Compression that discards unrecoverable image data — H.264, H.265. Saves storage but degrades quality permanently. Unsuitable for masters; fine for proxies.
When shooting in 4K or higher, you quickly reach the limits of storage capacity. Lossy compression is the pragmatic compromise: specific image information is discarded that the human eye doesn't perceive anyway—or only under certain conditions. H.264 and H.265 work on this principle. They analyze each frame, identify redundant data (spatial and temporal redundancy), and remove it. This dramatically saves storage—an hour of 4K footage shrinks from several hundred gigabytes to a manageable size. The price: this information is gone. It cannot be recovered.
On set, this is often the only option. An 8K camera like the RED KOMODO records internally with H.265—not for the fun of compression, but because uncompressed, the data rate would be physically impossible to handle. The same applies to broadcast cameras or drones. You have to be aware: the more aggressive the compression (the lower the bitrate), the more visible artifacts appear—blocking in dark areas, color fringing at edges, motion blur that doesn't come from the lens.

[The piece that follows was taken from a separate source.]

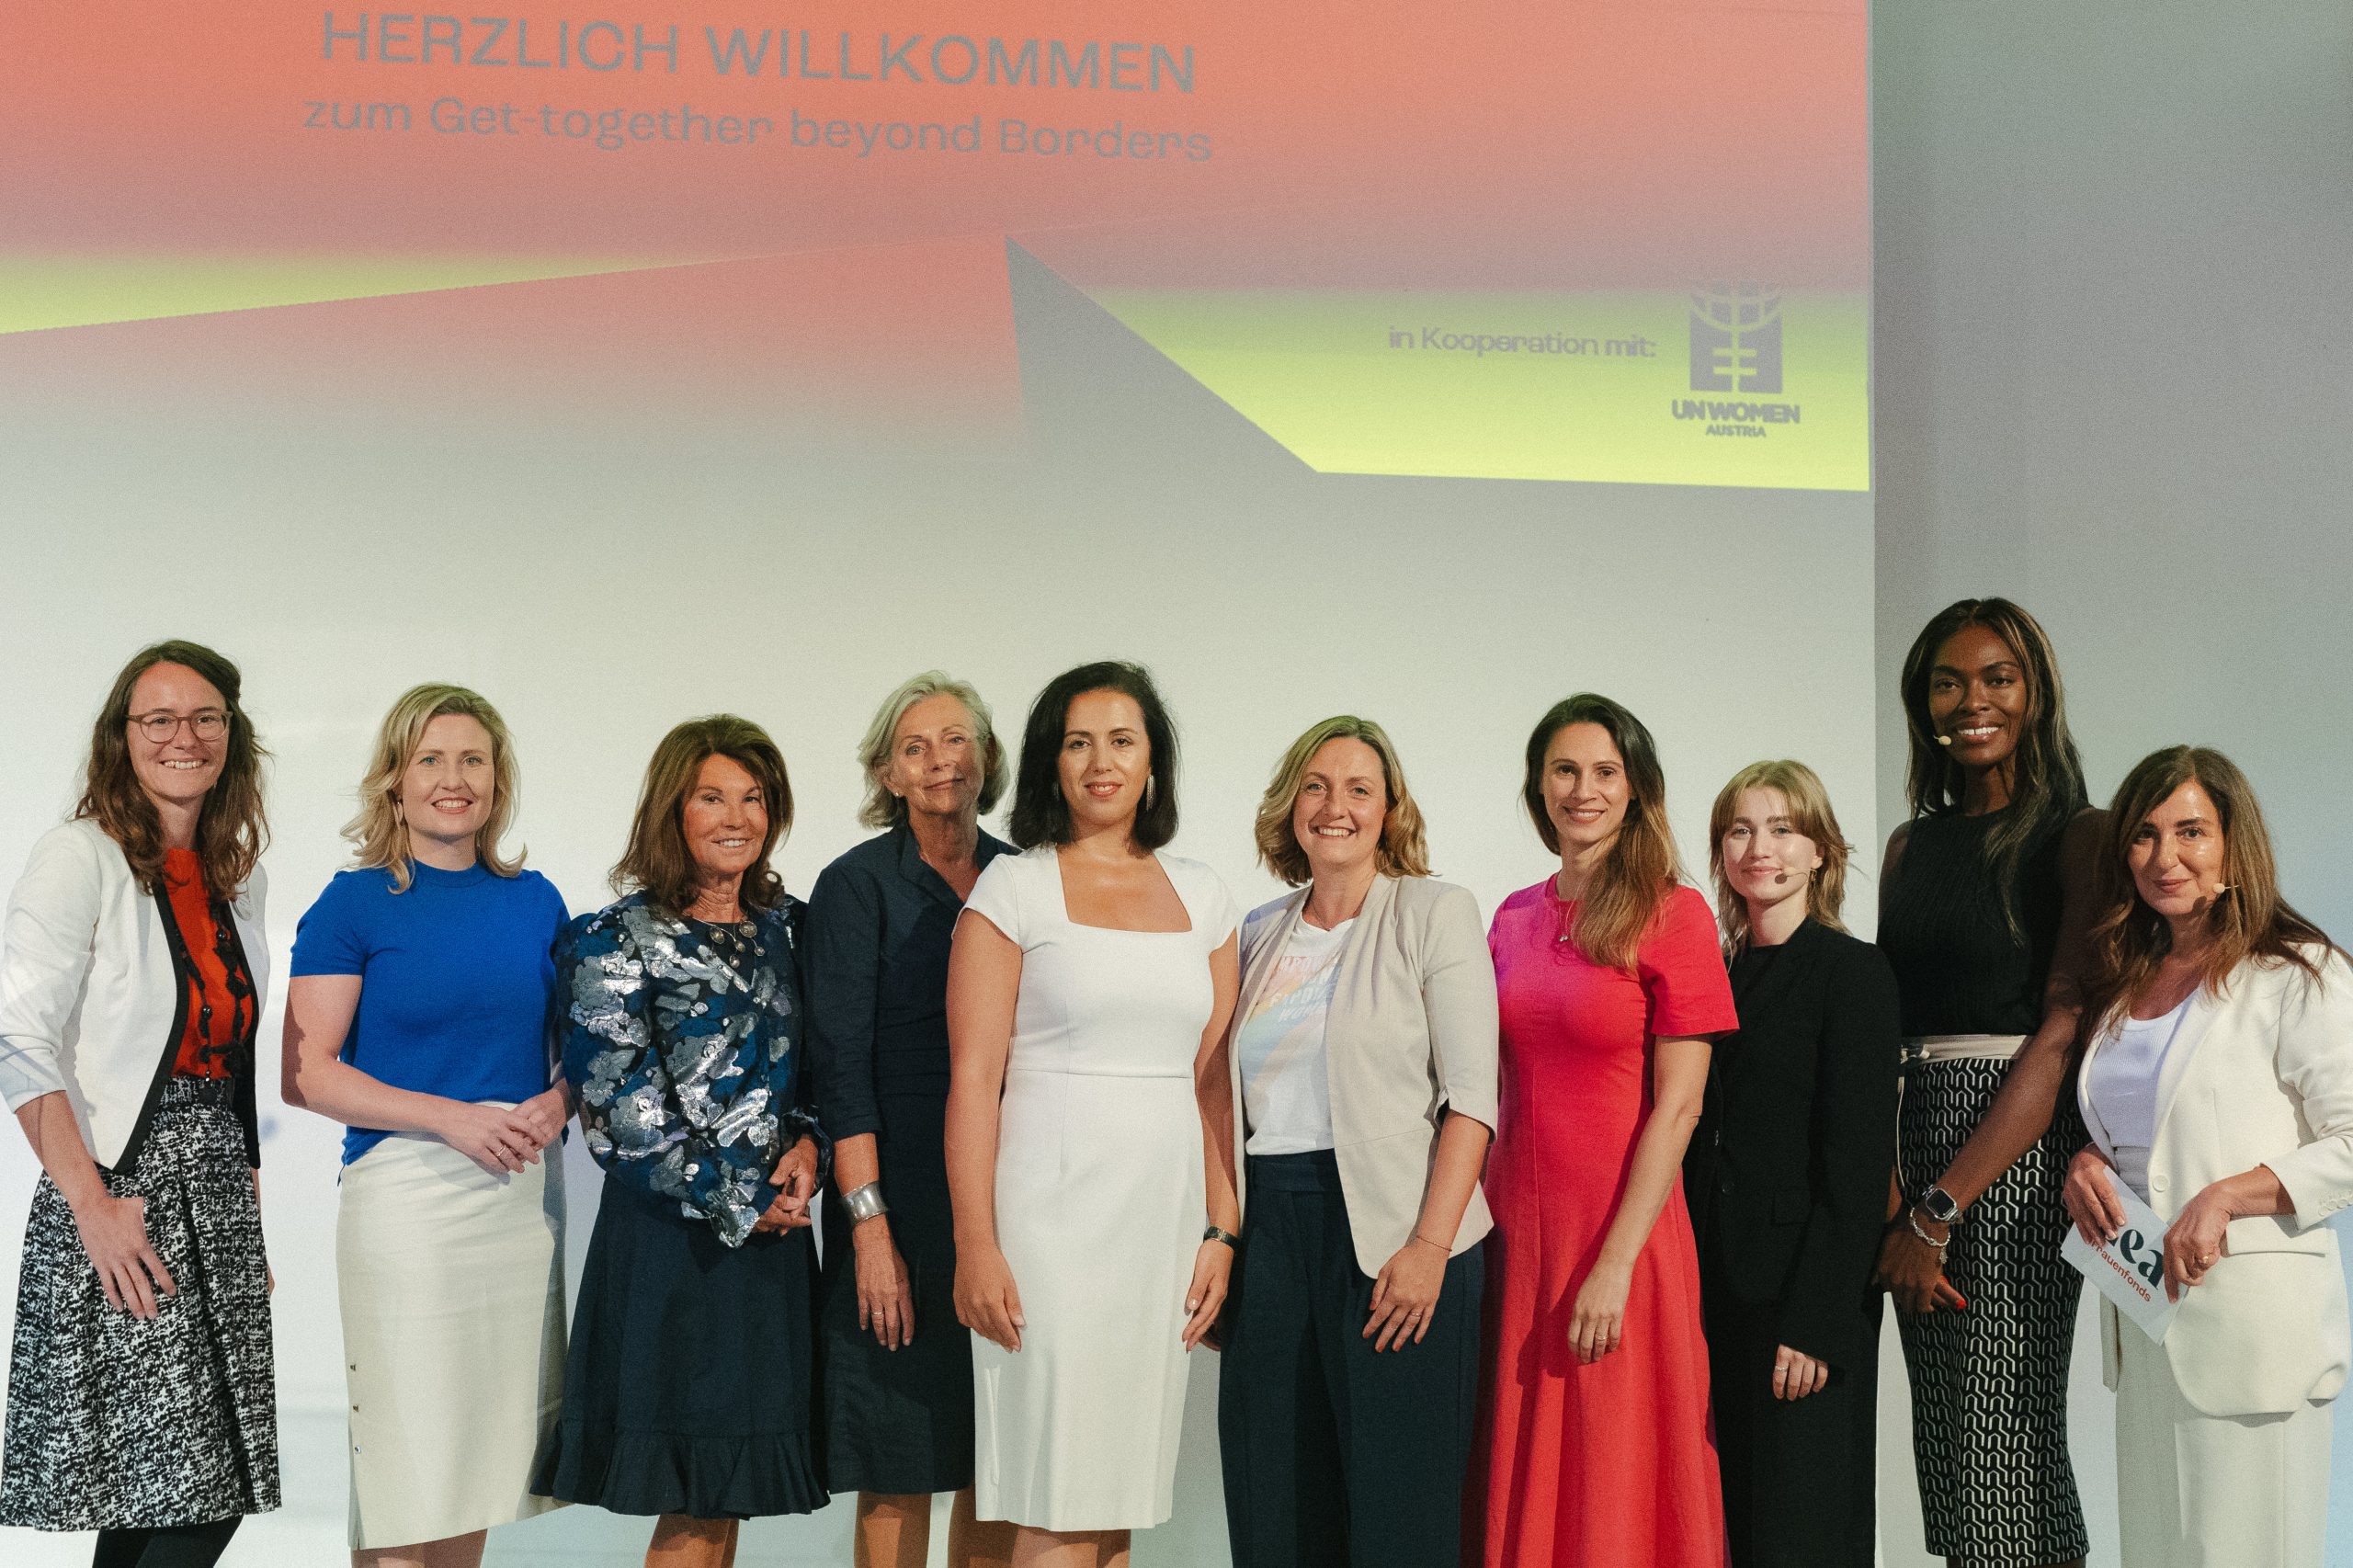 Der Österreichische Frauenfonds LEA lud zum 1. internationalen Get-together

This will become visible later in the grading suite, especially when increasing contrast or performing aggressive color corrections.
The crucial difference to lossless compression (like ProRes or DNG sequences): there, all pixel information is retained; the original is reconstructed 100 percent. Lossy means: once compressed, always compressed. Multiple renders with H.264 or H.265 exponentially worsen the artifacts—which is why editors work with mezzanine formats and only encode for delivery at the very end.
Practical tip: When recording with H.265, choose a higher bitrate than necessary—100 Mbps instead of 50 Mbps for 4K saves 50 percent storage compared to ProRes and delivers significantly cleaner material. For long-term archiving and premium projects: unacceptable. For documentaries, corporate productions, streaming preparation: perfectly viable. The technology is mature—but it's a one-way ticket. Anyone who later needs higher-resolution material or plans extreme grades should factor this in from the start.